Background and Purposes of the research
     Stereotactic Psychosurgery has had a history of more than 60 years,which has achieved great effectiveness in controlling some certain symptoms of Psychopathy. stereotactic surgery is becoming widely-used in the functional neurosurgery for its small trauma and high accuracy.Patients with intractable psychopathy always tend to have such behaviors as excitation,impulsion,offensiveness,suicide and so on,which may cause grievous harm to the society,family and the patient himself/herself.Thus, these patients become the major subject for the clinical studies of the Psychosurgery. However,since the very beginning of its emergence,Psychosurgery has gained a great diversity of dispute.There are different kinds of curative effects,with various complications cropped up post-surgery as well as the relatively high recurrence of symptoms.In recent years,with the development of high technology,the systematical plan of high-precision stereotactic surgery and the highfield MRI(Magnetic Resonance Imaging) have been gradually applied in clinical trial.What's more,the target localization becomes more precise with the constant development of radio-frequency technique.Therefore,Psychosurgery has become an effective method of treatment for the intractable psychopathy,with an obviously improving curative effect and less harm caused by the surgery to the patients.Nevertheless,as this surgical method is receiving more and more disputes,with its long-term curative effects remain further observation,it still needs ever-larger investigation.
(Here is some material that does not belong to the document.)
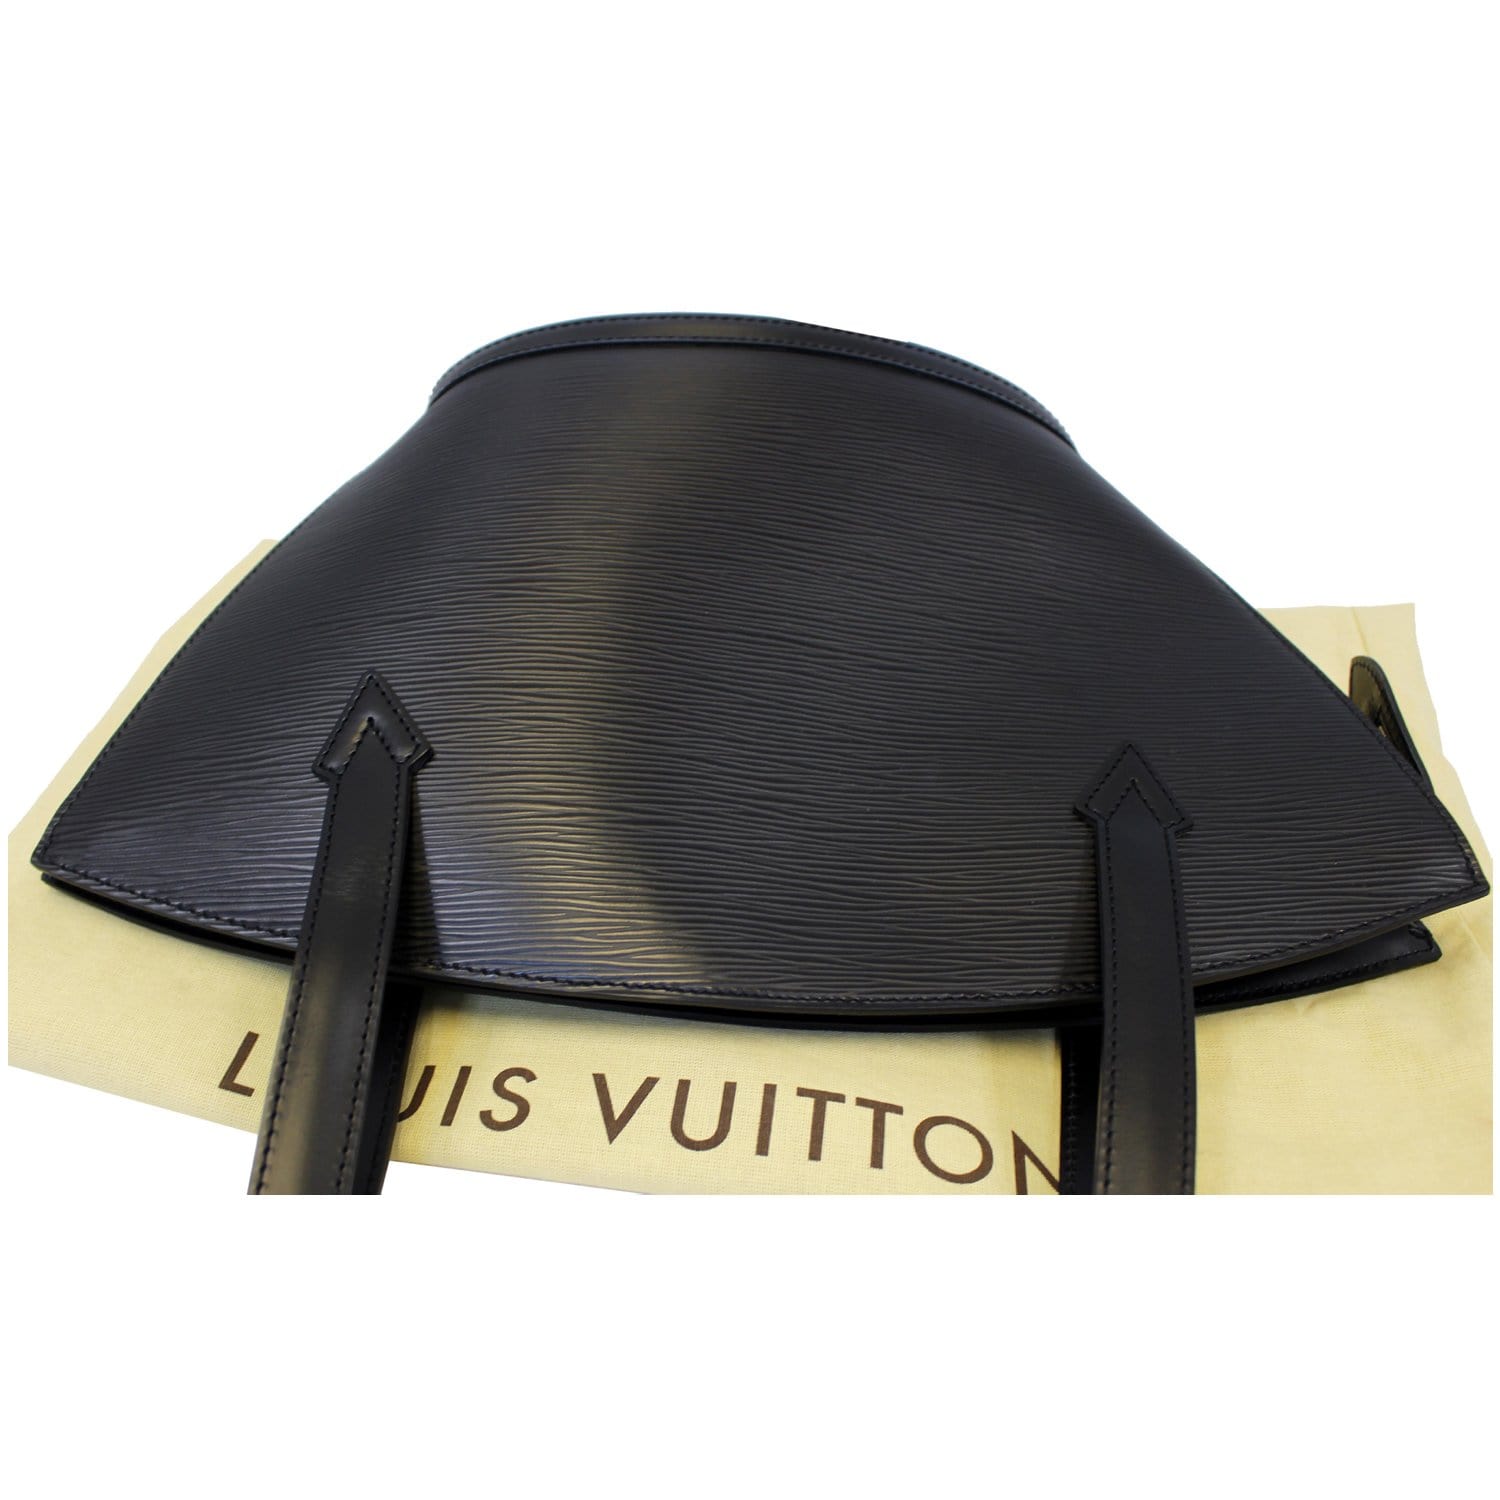 Vintage Louis Vuitton Saint Jacques Bag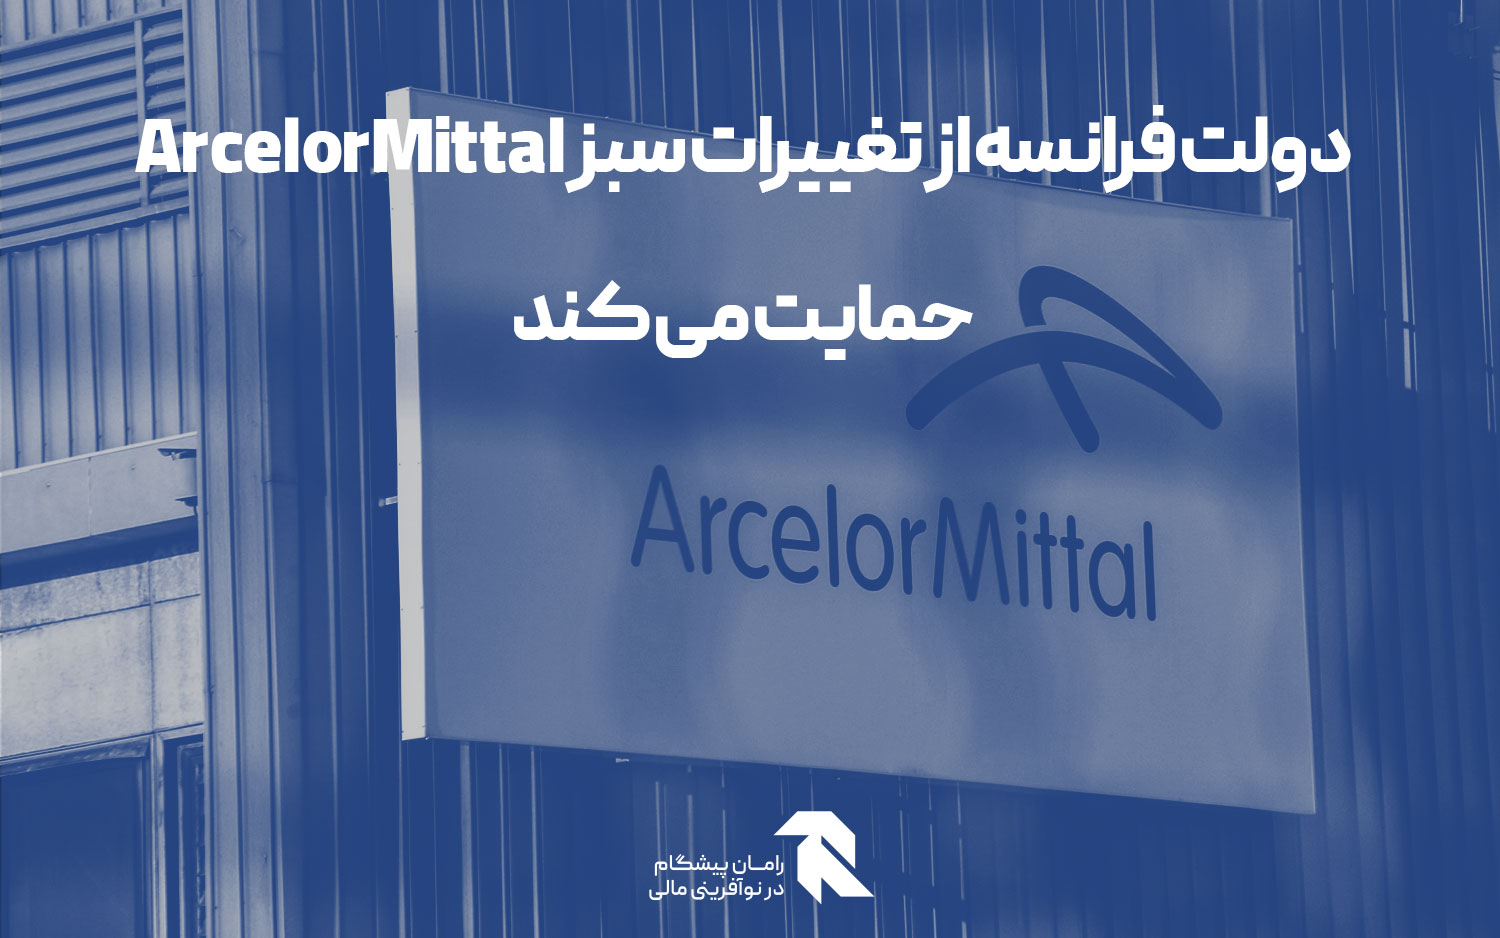 دولت فرانسه از تغییرات سبز ArcelorMittal حمایت می کند

     One main reason for the weak curative effects of the clinical treatment for the intractable psychopathy is the uncertainty of the pathogenesis.Though there are so many Ring Theory and theories about neurotransmitter disorders,e.g.the inner ring road function abnormal theory composed by corpus mamillar,septum area,thalamic nucleus anteriorus,cingulate gyrus,hippocampus,tegmental region of midbrain and inner olfactory region;the pathological studies have found that the injury of hippocampus plays an important role in the occurrence and development of the schizophrenia.The hippocampus neurons of the intractable psychopathy patients will become fewer with its volume getting smaller.All of these will damage the cellular construction.But the study on the living sufferers still lack of effective methods. Magnetic Resonance Spectroscopy is a new method for examining living sufferers, which has been widely-used in kinds of ailment treatment and research.MRS was a new non-ivesive and non-radiation methods,it utilize the magnetic resonance and chemical shift technical to determine some metabolized compounds in the special position of the brain.Up to now,it is the only one method to determine metabolized compounds on cell level in vivid person.It can show some abnormal metabolized compounds and the change of its content.It was used to be a main method to investigate psychopathy from 90 years 20 century.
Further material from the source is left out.